Two men are talking nearby.
Man 2: For added security, after we encrypt the data stream, we send it through our Navajo code talker. Man 3:...Is he just using Navajo words for "Zero" and "One"? Man 2: Woah, hey, keep your voice down!
Title text: As far as I can tell, Navajo doesn’t have a common word for ’zero’. do-neh-lini means ’neutral’.
As far as I can tell, Navajo doesn’t have a common word for ’zero’. do-neh-lini means ’neutral’.

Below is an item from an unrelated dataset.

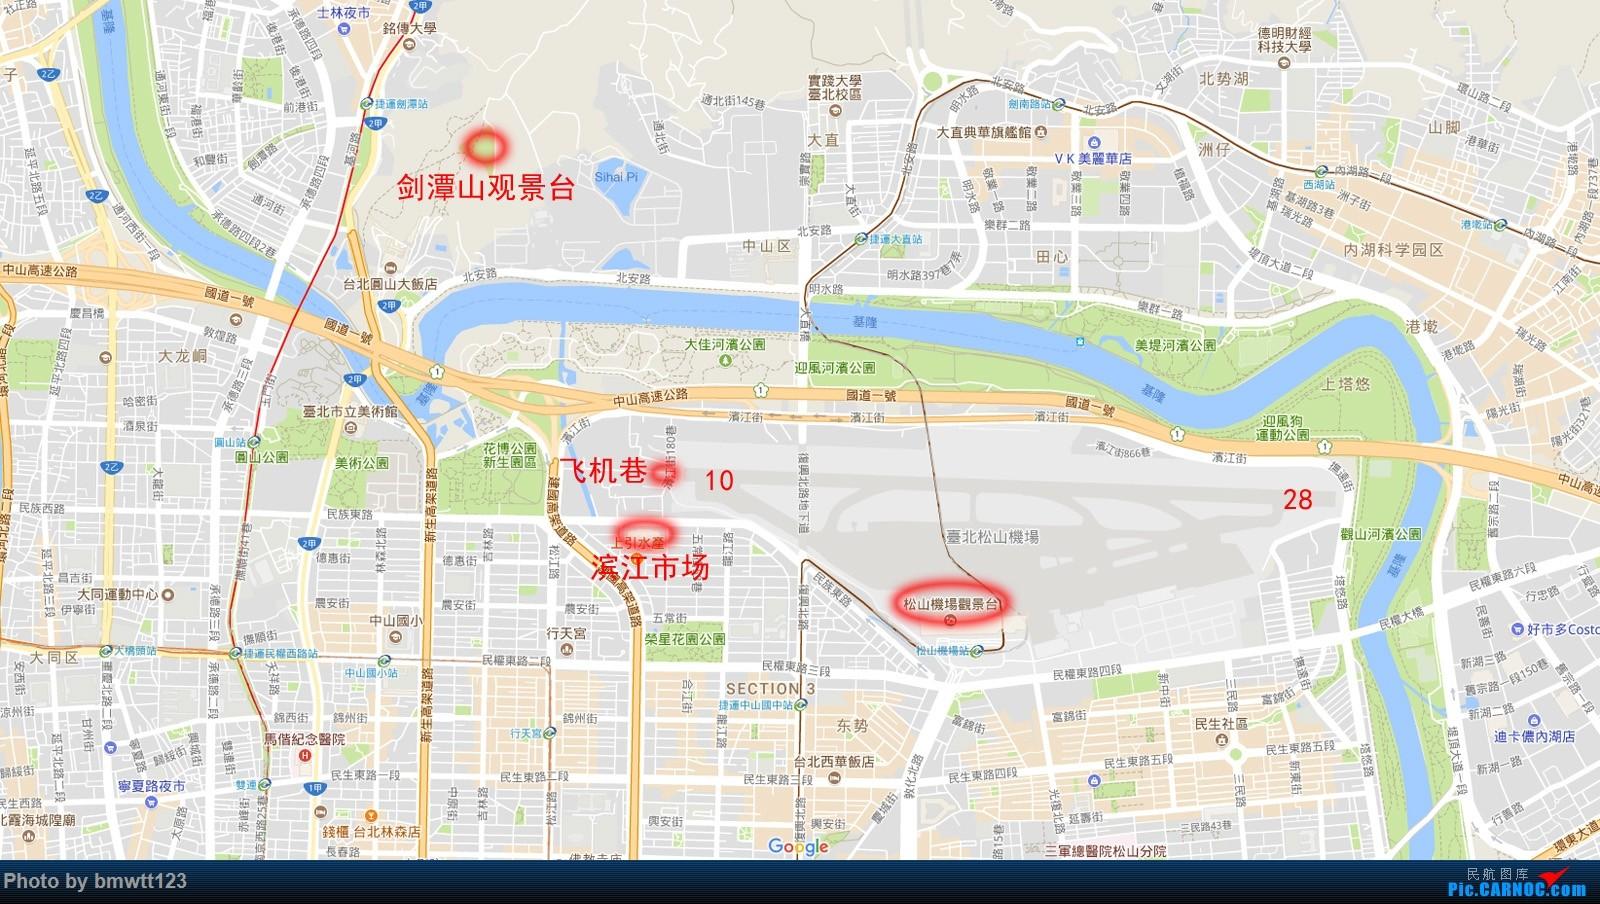 Re:[原创]【TSA松山】蔡阿姨家2日拍机作业之松山印象,附松山拍机位地图
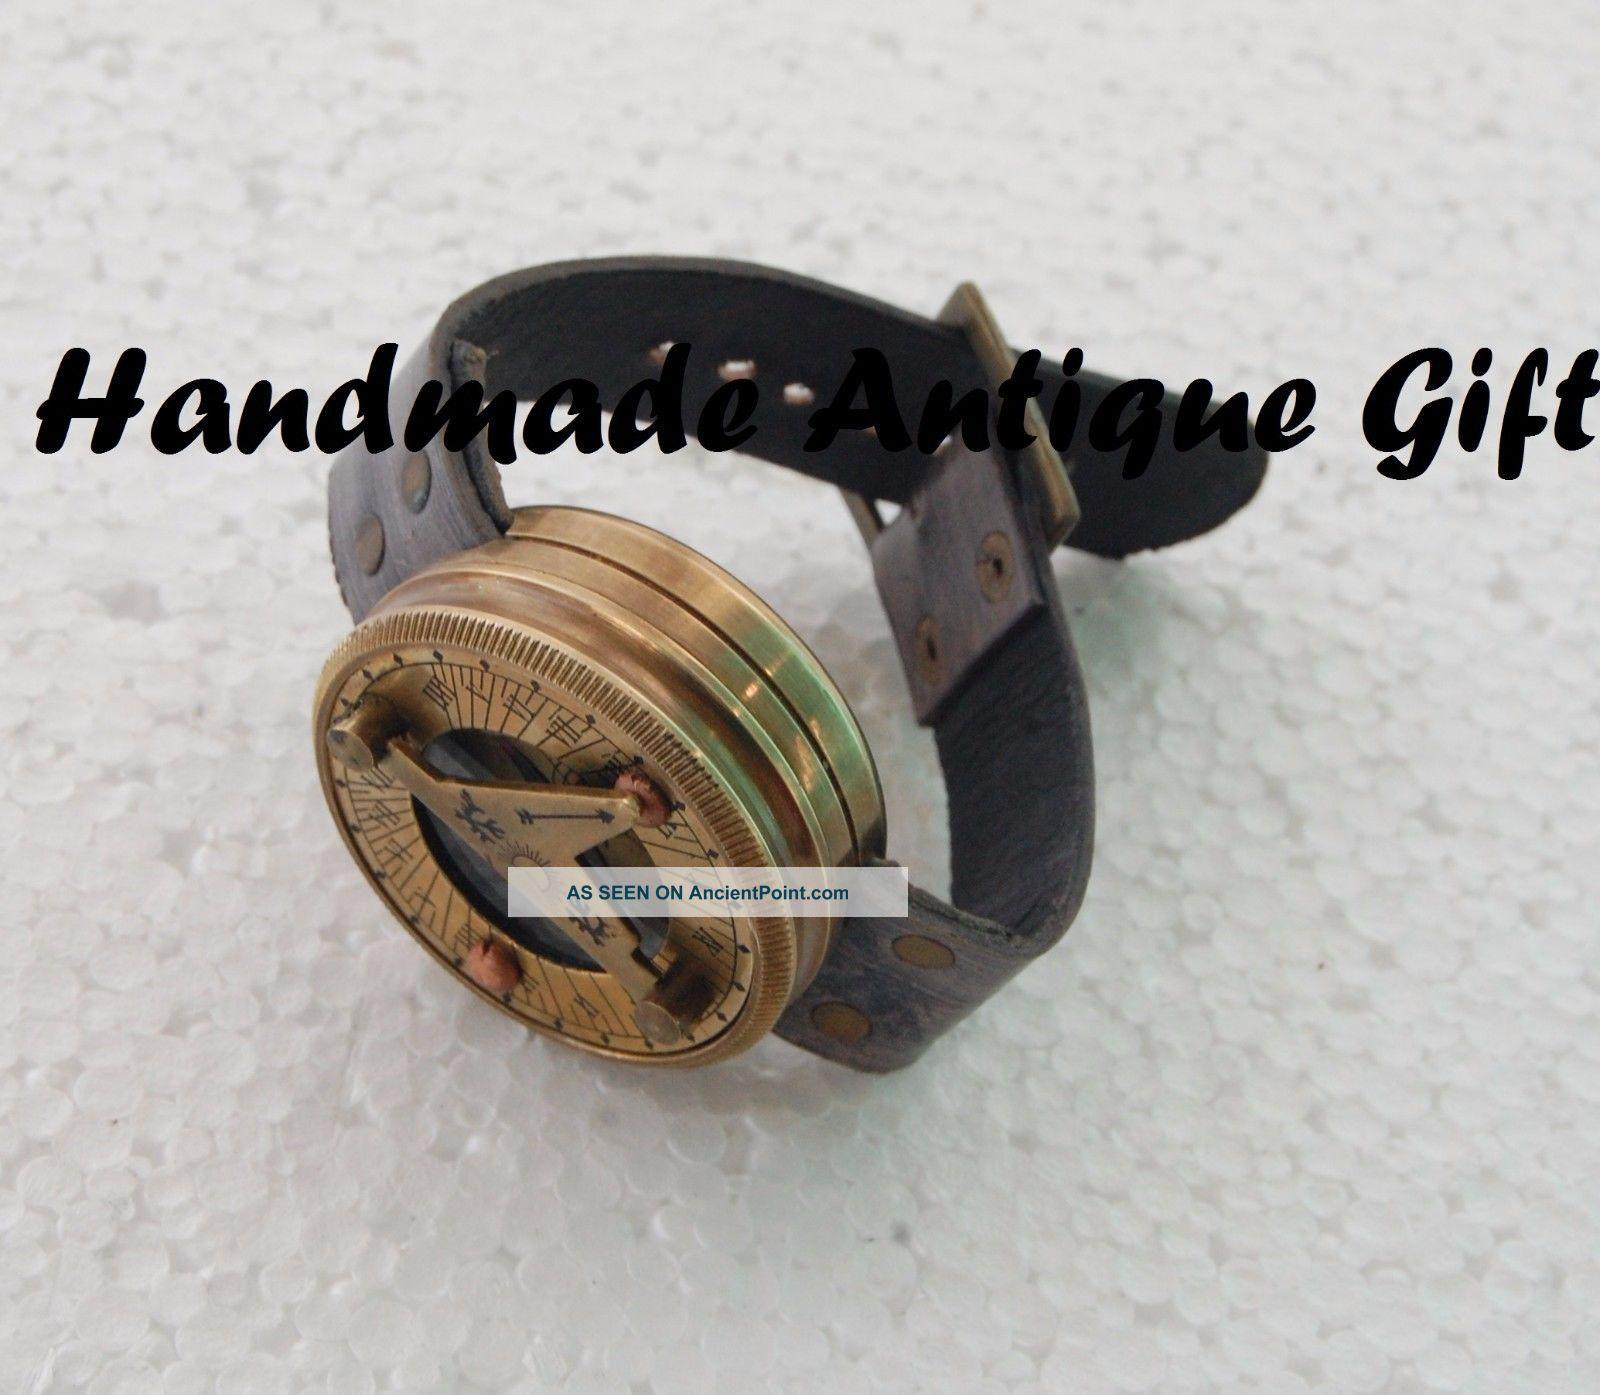 Brass Wrist Watch Maritime Marine Compass Sundial Compass Brass Compass Gift Compasses photo

Figure 12.34. Code Talkersby Randall Munroe ( https://xkcd.com/257 ).
We end this section with the remark that we made several (somewhat arbitrary) choices in our encoding and decoding scheme.
  • We used our simple character encoding function \(C\text{.}\) In the real world one would use an encoding standard such as ASCII or UTF-8. In both cases one would use \(256\) instead of \(27\text{.}\)
  • The order we chose for encoding and decoding the characters in a word or more general string was chosen to match the order in which we write base \(b\) expansions. The reverse order would also be a good choice.